Databricks Community

SaraCorralLou · ‎08-18-2023

Hello,

I am contacting you because I am having a problem with the performance of my notebooks on databricks.

My notebook is written in python (pypark) in it I read a delta table that I copy to a dataframe and do several transformations and create several columns (I have several different dataframes created for it). For the creation of several coumnas I have created a function in my library that takes the initial dataframe as input and returns the same dataframe with the new column.

I can't avoid using the functions but the execution time of my notebook has increased considerably.

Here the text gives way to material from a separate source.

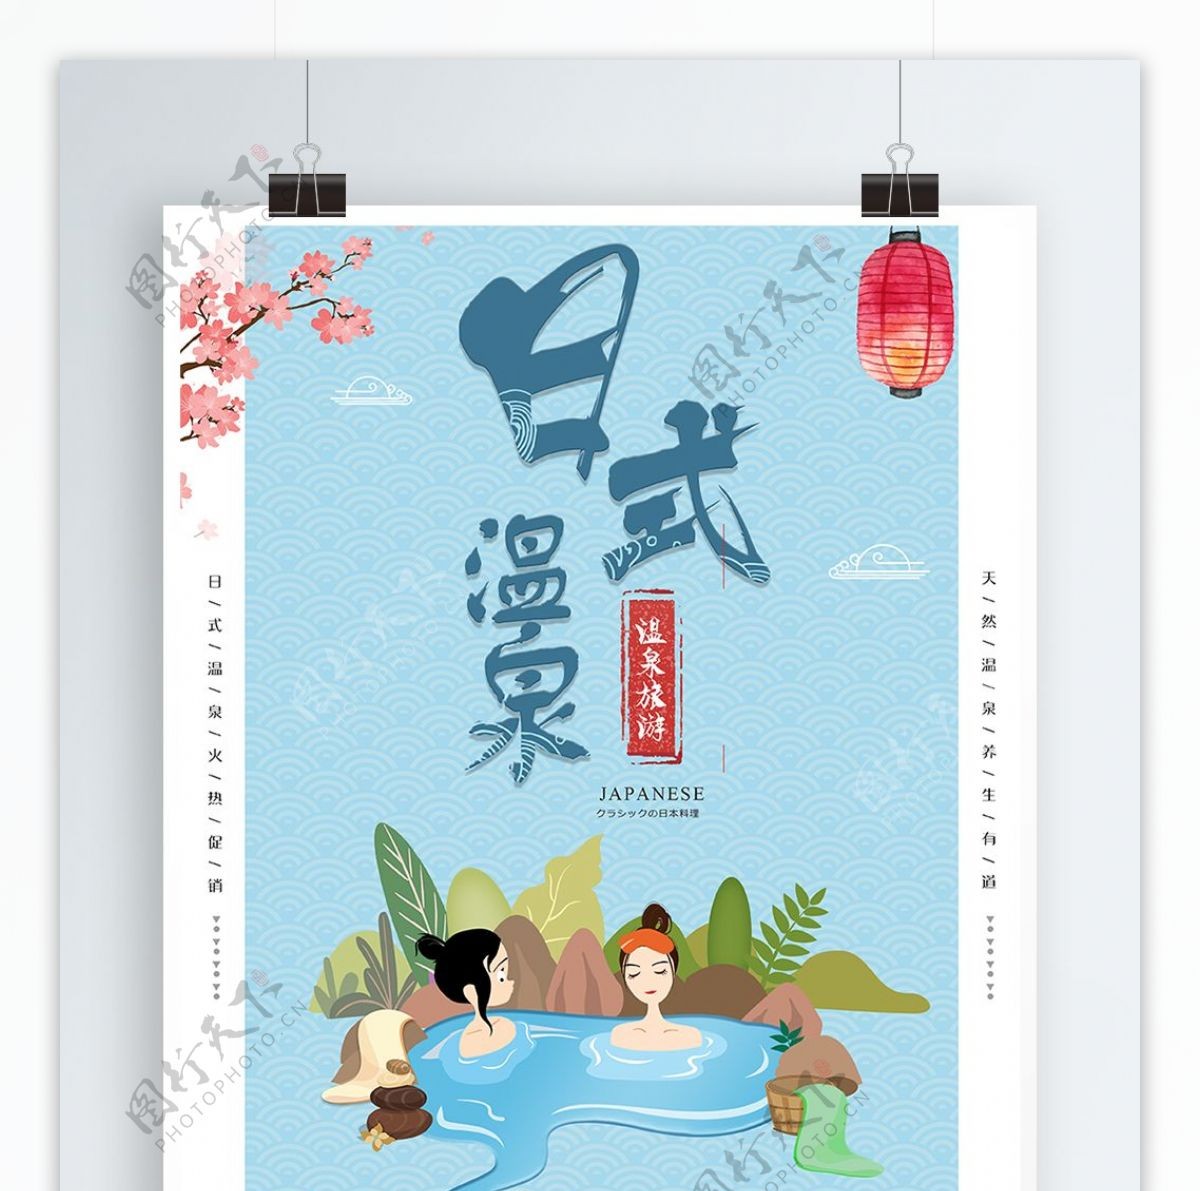 简约日式旅游温泉海报设计模板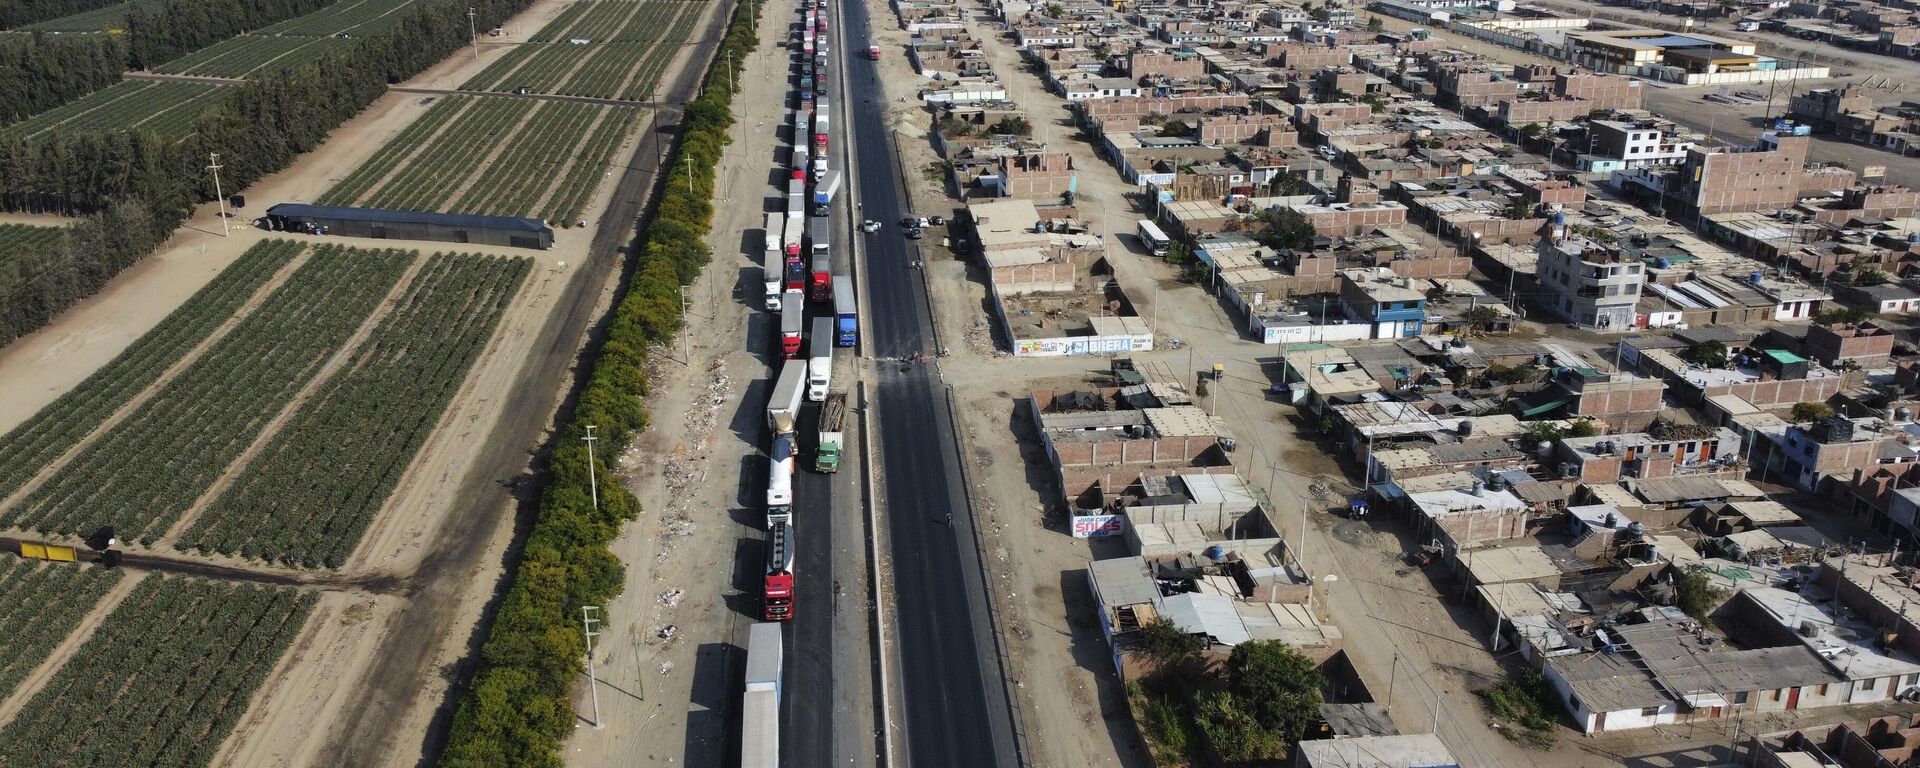 Camiones varados en la carretera por protestas en Perú  - Sputnik Mundo, 1920, 20.12.2022

I have read that they are executed on the driver node of a Spark application, rather than on the worker nodes where data is distributed and this is the reason why they are slower.

This is the configuration of my cluster:

The driver node is quite large and I have also added the configuration: spark.databricks.io.cache.enabled true.

I am working with approximately 15 million records.

Is there anything I can do to improve this performance? Any additional settings I'm missing that would help my notebook run faster? Right now it is taking an hour and a half.

Thank you so much in advanced.

Tharun-Kumar · ‎08-18-2023

@SaraCorralLou

You can use Memory Profiler to profile your UDF. This will help us to understand which part of the UDF is leading to high memory utilization and has multiple calls during the execution.

https://www.databricks.com/blog/2022/11/30/memory-profiling-pyspark.html

SaraCorralLou · ‎08-23-2023

Hi,

Sorry for the delay of my answer.

I installed the library and I run my code and I couldn't see any problem in the UDF functions. The biggest one is running in 5 mins. The problem is when we write the final dataframe in the delta table (with the command

write.format("delta")... ). It's running for more than 30 minutes. So, the schema of our notebook is:

df = spark.read.table(source_table_with_15millon_records)

df2 = udf_function_to_add_columns(df)

df3 = udf_function_to_add_columns(df2)

df4 = udf_function_to_add_columns(df3)

...

df10.write.format("delta")

The final dataframe (df10 in the example) has the same number of rows but with extra columns.

Could it be that databricks does some recalculation at the end of the process and that is why it is taking so long?

Thank you very much!

-werners- · ‎08-23-2023

why do you use a UDF to add columns? You could write a pyspark function without registering it as a UDF.

A UDF will bypass all optimizations and, when you use Python, performance is bad.

Can you share your UDF code?

SaraCorralLou · ‎08-28-2023

In our original dataframe we have a column in OriginalCurrency and we use the function "convert_to_euros" to convert to euros this amount. The rates are in another delta table:

This one is the simplest function that we have, as the rest have a lot of business logic.

We could avoid using the functions in some cases (like the one I show you) but since we use this logic in many different notebooks we prefer to have the function and create unit tests on them in order to have a less repetitive code.

But as you can see in our functions we only use basic pyspark code, we don't do collects or displays (which we have read are very bad for performance). At most we do some grouping in some dataframe but nothing really weird.

-werners- · ‎08-28-2023

ok, so it is not registered as a UDF, which is good.

Looking at your code, nothing special there. The reason why the performance is so bad is not clear to me.
It could be the table distribution (of source table or rates table), perhaps data skew?
If the rates table is small, it should be broadcasted so the join would go pretty fast.

I'd take a look into the spark UI and query plan what exactly is going on. Because your code seems fine to me, as long as you don't apply a loop over records (I hope not)?

SaraCorralLou · ‎08-28-2023

We just apply a loop over record in another function. Before we used collect (for row in df.collect()) to loop over them but we changed it to use localIterator (for row in df.rdd.toLocalIterator()) we read that is better for performance. Are we doing it in the correct way?